Iconic consoles of the IBM System/360 mainframes, 55 years old today - matt_d
http://www.righto.com/2019/04/iconic-consoles-of-ibm-system360.html
======
spectramax
60's and 70's IBM was a tour de force. They're one of the first companies to
realize that Design is an integral part of business and Design is not
decoration. This was a top-down push, IBM was blessed by Eliot Noyes [1] the
executive who had an architecture degree from Harvard Graduate School of
Design.
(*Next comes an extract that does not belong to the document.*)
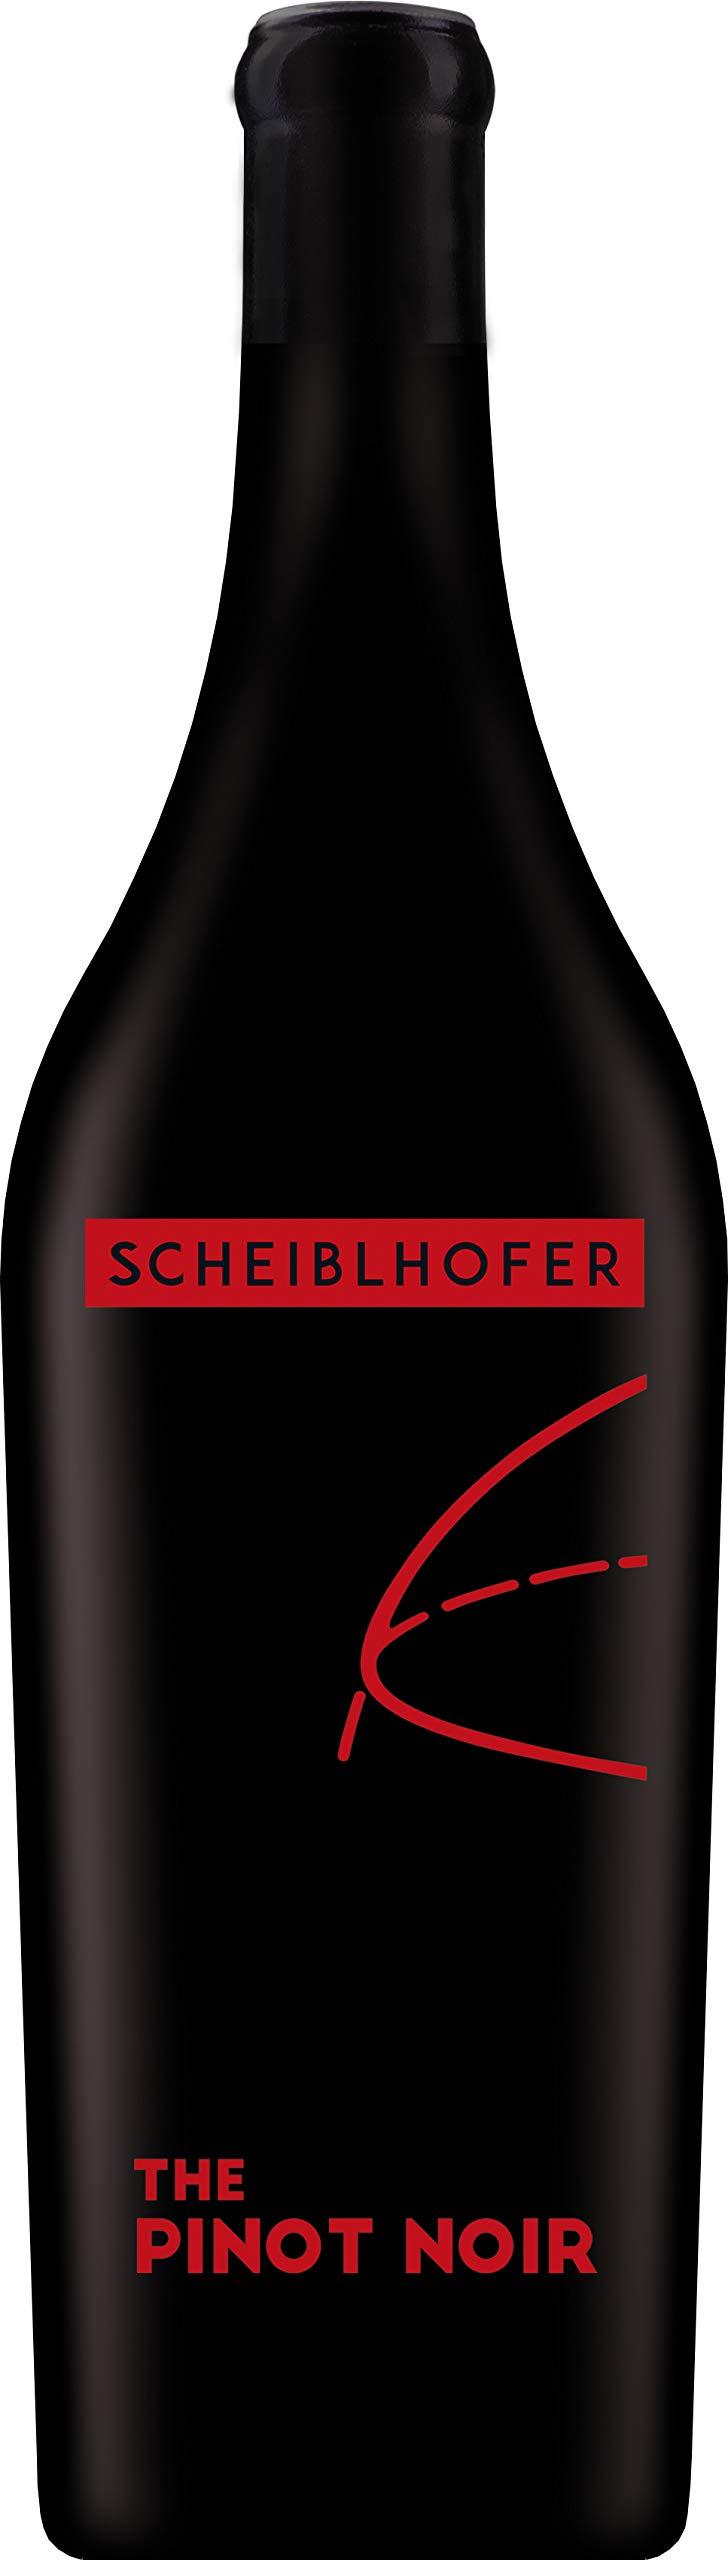 Erich-Scheiblhofer-The-Pinot-Noir-2017

IBM proved to the world that everything from corporate logo (designed
by Paul Rand) to their product design, stationary, building design, ...
everything needs to feel uniform and part of the same company.

IBM System 360 was a pinnacle of design, brainchild of Eliot Noyes along with
many other products from IBM.

[1]
[https://en.wikipedia.org/wiki/Eliot_Noyes](https://en.wikipedia.org/wiki/Eliot_Noyes)

------
reaperducer
Fun seeing that Model 20. The first commercial web site I ever built was in
1995. When I'd go up front to check the office fax machine or get some printer
paper, I'd see the accounting department's S/360 sitting there, and wonder if
I'd ever get to work on a "real" computer like that one.

Of course, by '95 the Model 20 was an ancient piece of junk, but it looked
like serious business compared to what I was doing goofing off with this
"world wide web" thing.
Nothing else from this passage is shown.